Question

A motor boat whose speed is 18 Km/h in still water takes 1 hour more to go 24 Km upstream than to return downstream to the same spot. Find the speed of the stream.

Answer 1

Hint: Use the fact that speed of upstream is the difference of speed of boat in still water and speed of stream and speed of downstream is sum of speed of boat in still water. Then use the formula,
$\text{Time=}\dfrac{\text{Distance}}{\text{Speed}}$ and found according to the question.

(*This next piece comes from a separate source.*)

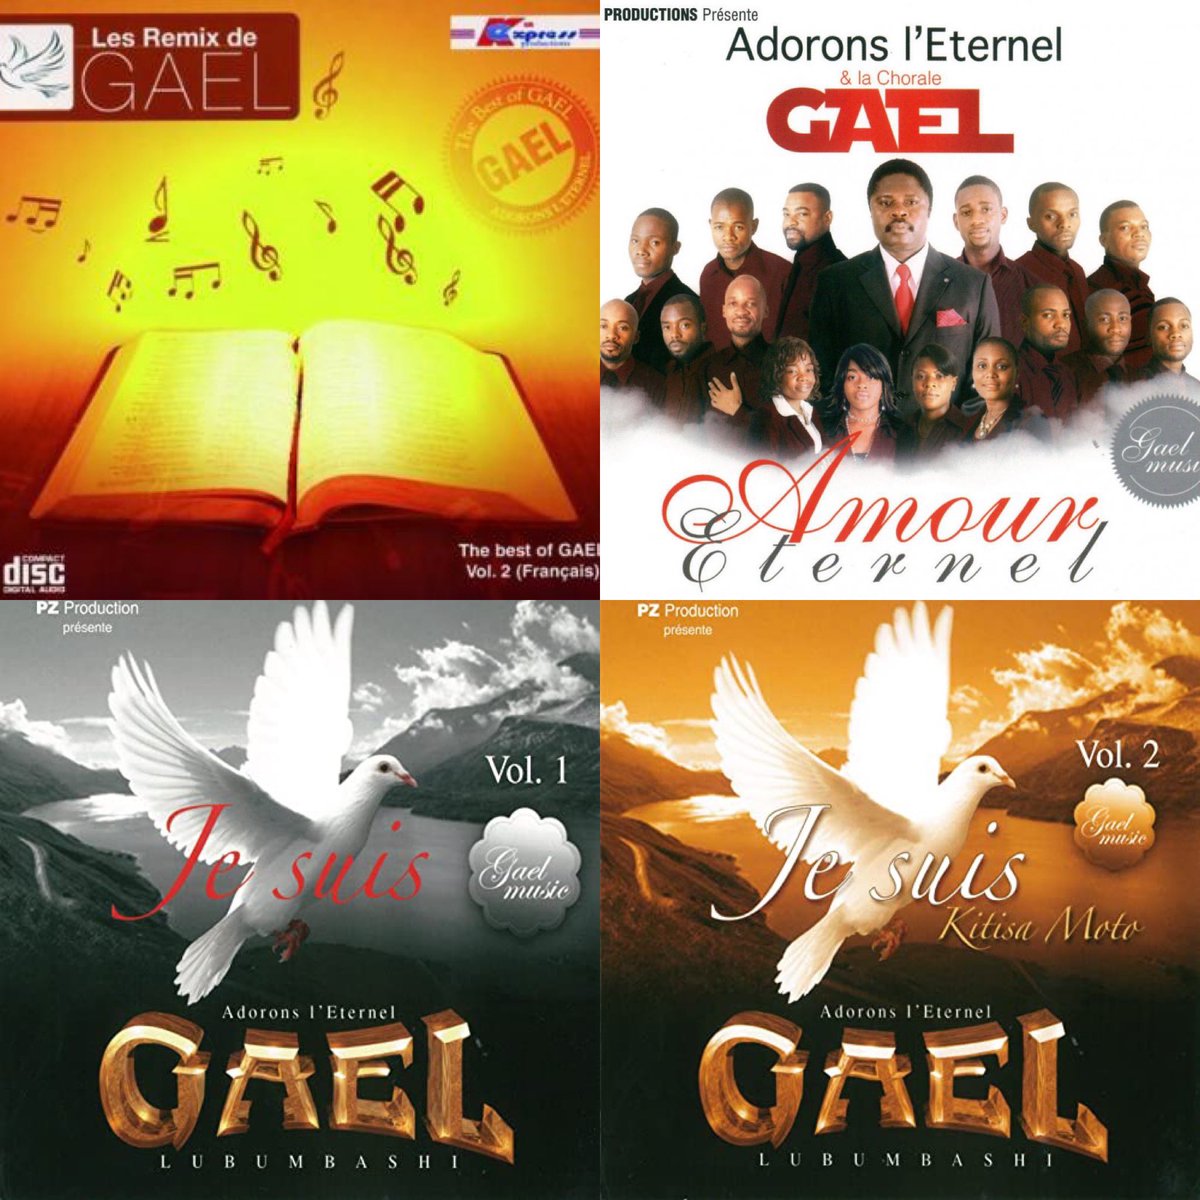 2010 : The best of Gael Vol. 22011 : Amour Eternel2013 : Je suis - vol.12014 : Je suis - vol.2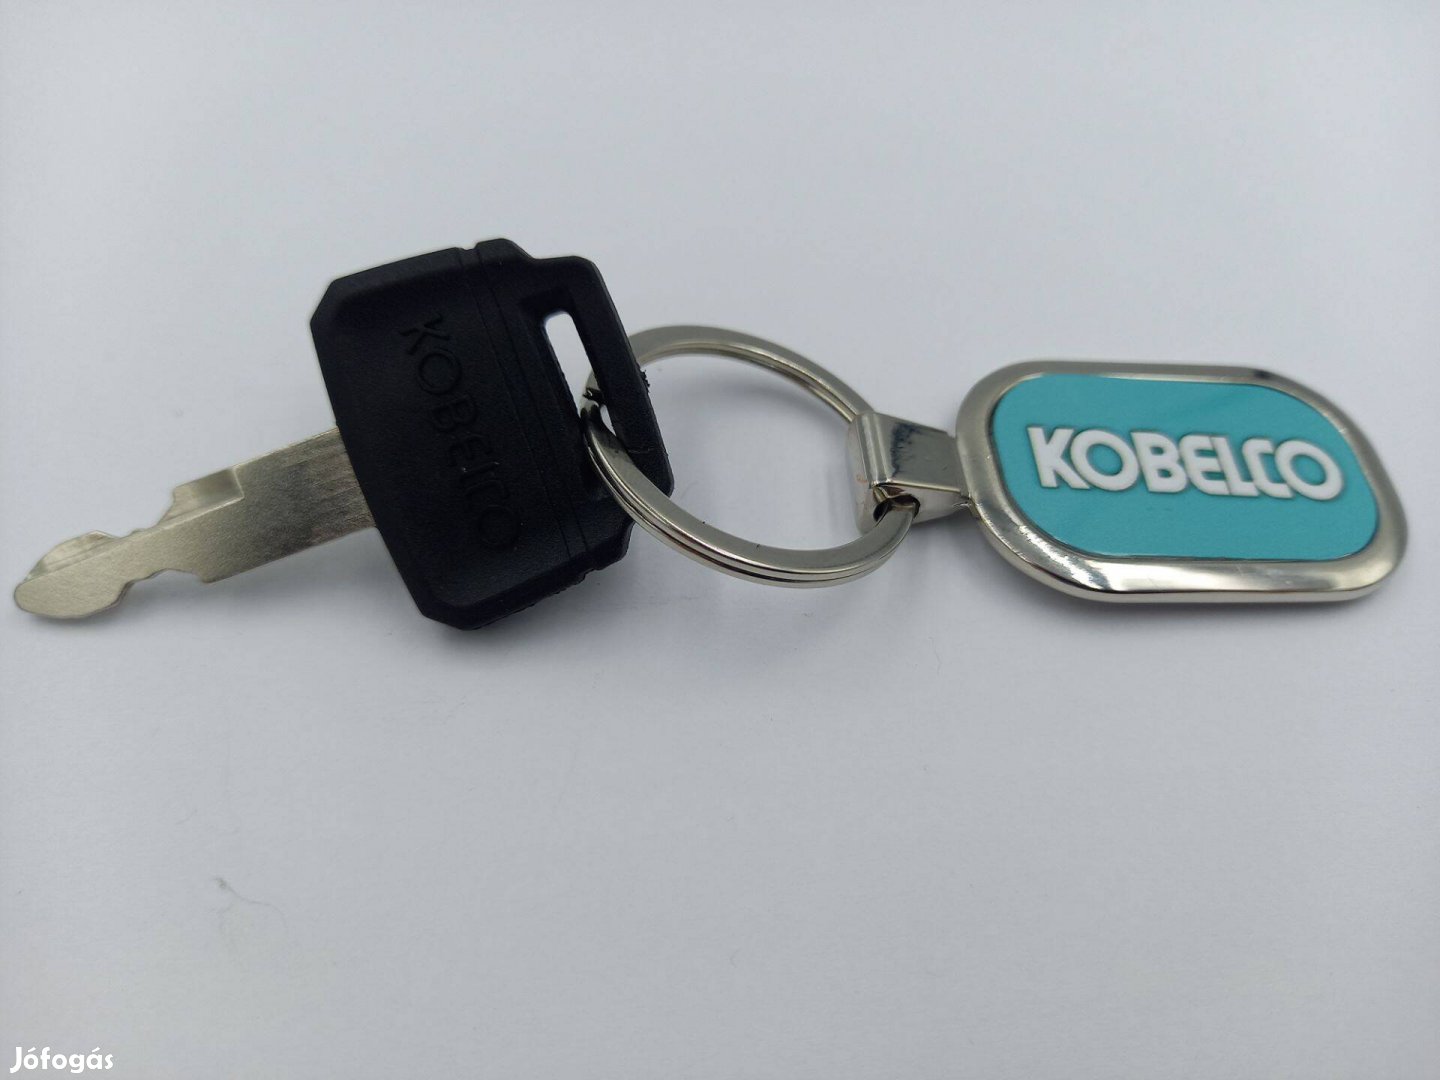 Kobelco munkagép kulcs (műanyag Kobelco felirattal fej rész illetve fu

Complete step-by-step answer:
In the question we are told about a motor boat whose speed is 18 km/hr, in still water it takes 1 hour more to go 24 km than to return downstream to the same spot. Now we have to find the speed of stream
As we are given, the speed of a boat in still water is equal to 18 km/hr. Let's suppose the speed of the stream is skm/hr.
So, as we know,
Speed of upstream = Speed of boat in still water – Speed of stream
which can be written as,
Speed of upstream = 18 – s
Now for downstream,
Speed of downstream = Speed of boat in still water + Speed of steam
which can be written as,
Speed of downstream = 18 + s
Now, according to question we are told,
Time taken for upstream = Time taken to cover downstream + 1
We can present,
$\Rightarrow \text{Time taken for upstream=}\dfrac{\text{Distance of upstream}}{\text{Speed of upstream}}$
and $\text{Time taken for downstream = }\dfrac{\text{Distance of downstream}}{\text{Speed of downstream}}$
We know that,
Distance of upstream and downstream is equal to 24 km so we can write equation as,
$\dfrac{24}{18-s}=\dfrac{24}{18+s}+1$
which we can write as,
$\dfrac{24}{18-s}-\dfrac{24}{18+s}=1$
Now taking LCM we get
$\dfrac{24\left( 18+s-18+s \right)}{324-{{s}^{2}}}=1$
On cross multiplication we get,
$48s=324-{{s}^{2}}$
which we can rewrite as,
${{s}^{2}}+48s-324=0$
Now using middle term factor, we get,
${{s}^{2}}-6s+54s-324=0$
Now on factoring we get,
$(s-6)(s+54)=0$
So, s is equal to 6 and – 54 as s represents speed so it can’t be negative. Hence, s is 6.
Hence, Speed of the stream is 6 km/hr.

Note: Students should know the relation between speed of upstream and downstream in terms of speed of boat in still water and speed of stream.